Consider the collision depicted in Figure to be between two billiard balls with equal masses $m_{1}=m_{2}$ The first ball is called the cue while the second ball is called the target. The billiard player wants to 'sink' the target ball in a corner pocket, which is at an angle $\theta_{2}=37^{\circ} .$ Assume that the collision is elastic and that friction and rotational motion are not important. Obtain $\theta_{1}$
Consider the collision depicted in Figure to be between two billiard balls with equal masses $m_{1}=m_{2}$ The first ball is called the cue while the second ball is called the target. The billiard player wants to 'sink' the target ball in a corner pocket, which is at an angle $\theta_{2}=37^{\circ} .$ Assume that the collision is elastic and that friction and rotational motion are not important.
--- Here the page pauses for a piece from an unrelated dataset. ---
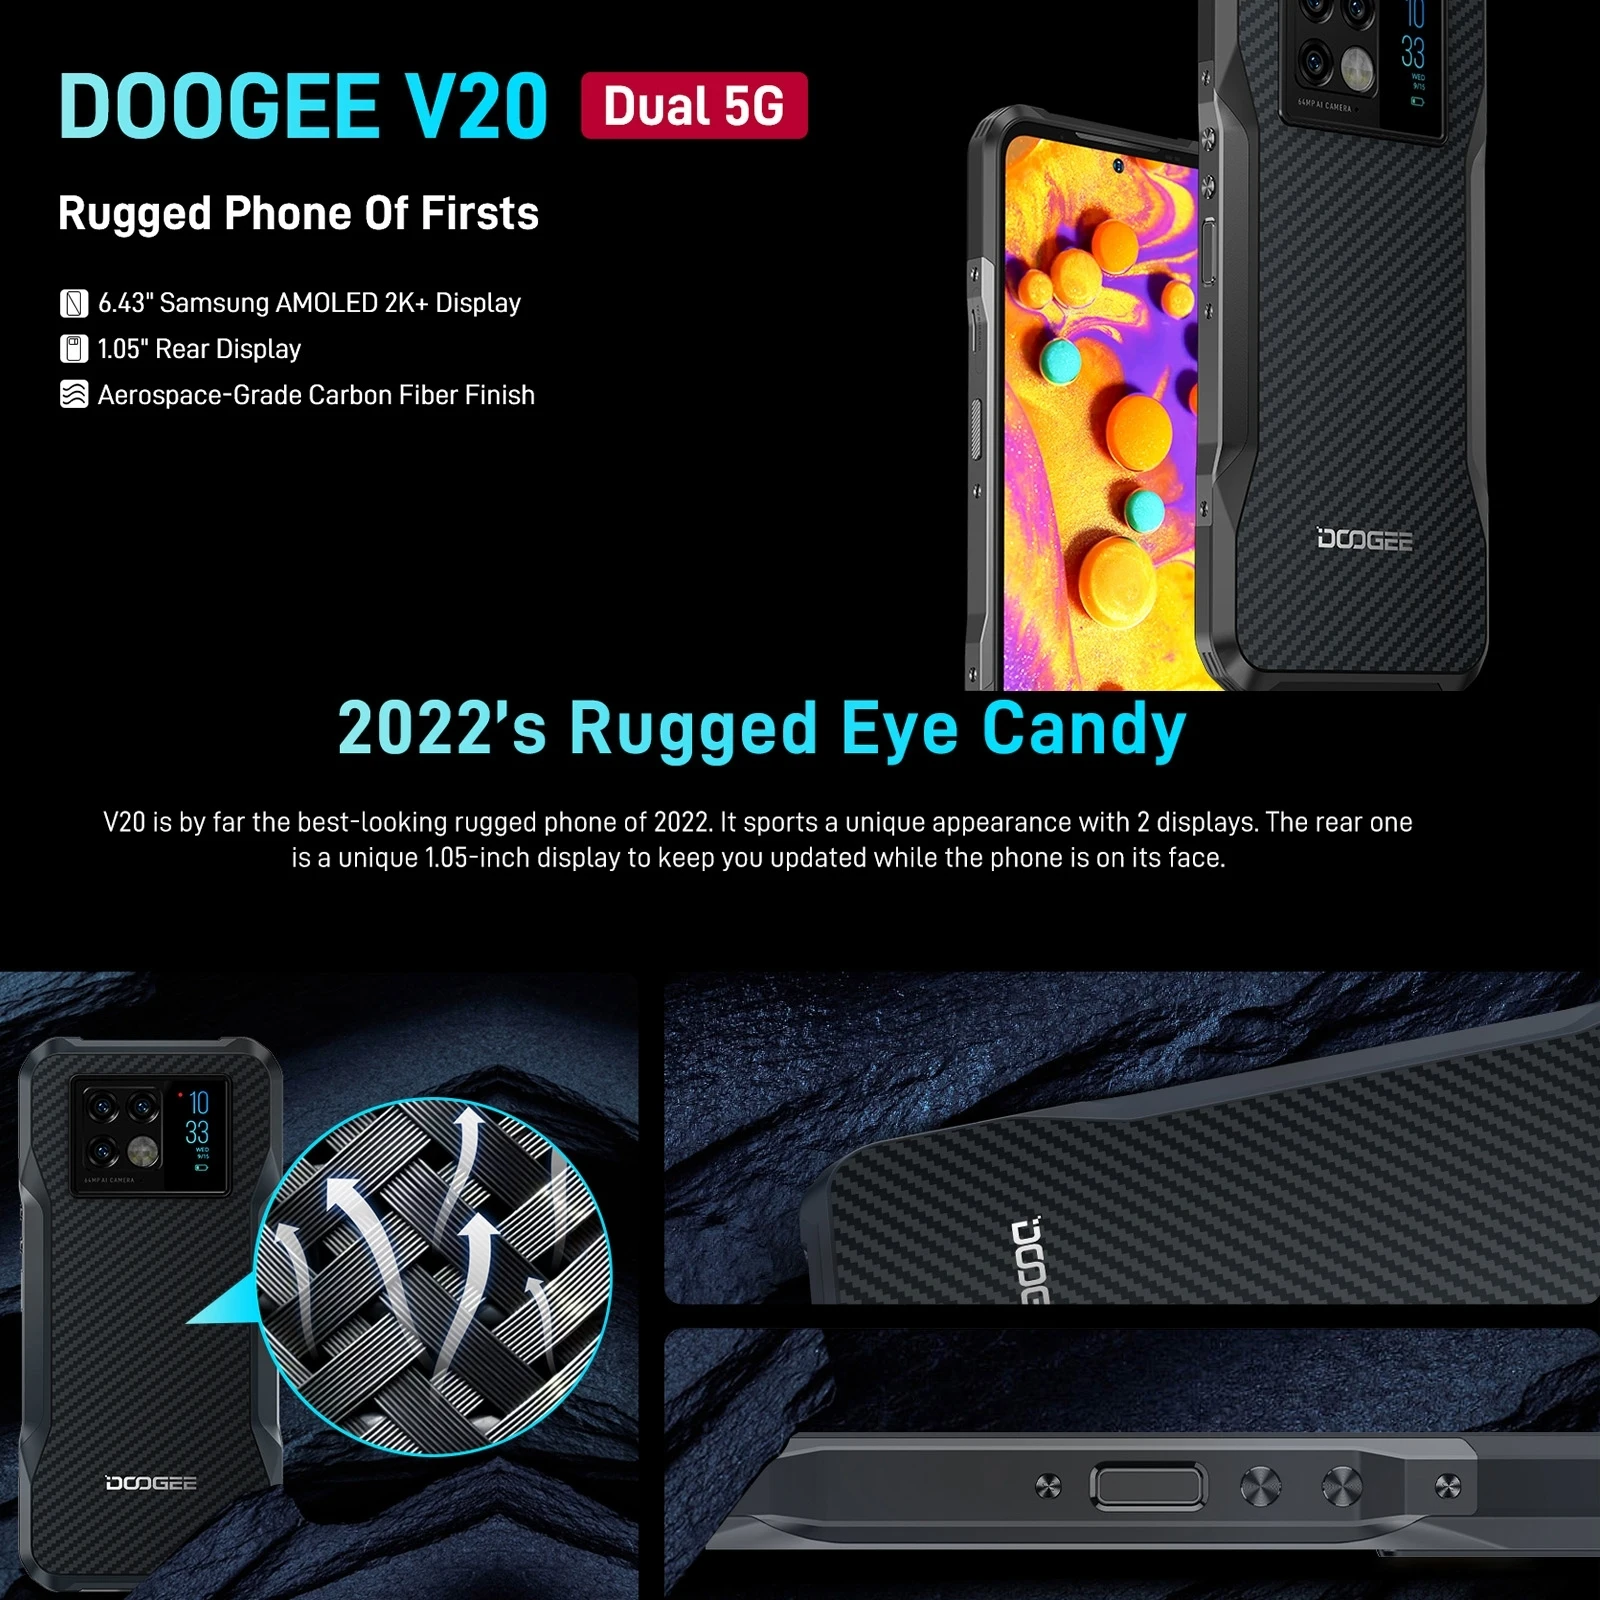 DOOGEE V20 Телефон Global 5G 4G 8GB 256GB 6000mAh 6,43 
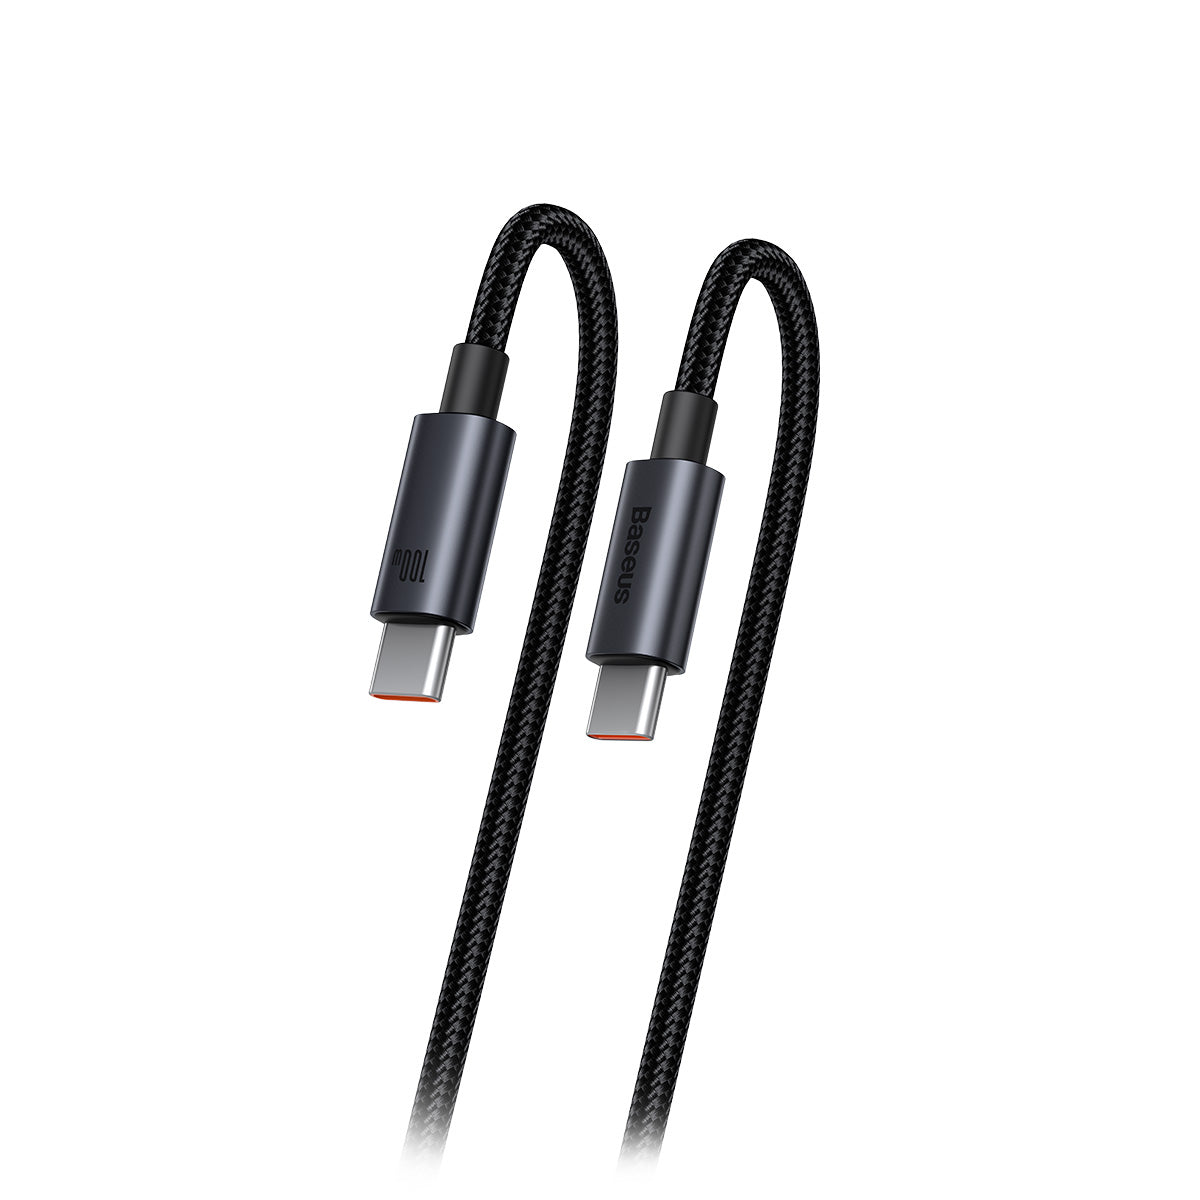 USB C to USB C Cable [3 ft] – Simply Carbon Fiber

Obtain $\theta_{1}$
Answer From momentum conservation, since the masses are equal
$v _{11}= v _{1 f}+ v _{2 f }$
$v_{1 i}^{2}=\left( v _{1 f}+ v _{2 f}\right) \cdot\left( v _{1 f}+ v _{2 f}\right)$
$=v_{1 f}^{2}+v_{2 f}^{2}+2 v _{1 f} \cdot v _{2 f}$
$=\left\{v_{1 f}^{2}+v_{2 f}^{2}+2 v_{1 f} v_{2 f} \cos \left(\theta_{1}+37^{\circ}\right)\right\}$
since the collision is elastic and $m_{1}=m_{2}$ it follows from conservation of kinetic energy that $v_{1 i}^{2}=v_{1 f}^{2}+v_{2 f}^{2}$
Comparing above equations we get
$\cos \left(\theta_{1}+37^{\circ}\right)=0$
or $\quad \theta_{1}+37^{\circ}=90^{\circ}$
Thus, $\quad \theta_{1}=53^{\circ}$
This proves the following result: when two equal masses undergo a glancing elastic collision with one of them at rest, after the collision, they will move at right angles to each other.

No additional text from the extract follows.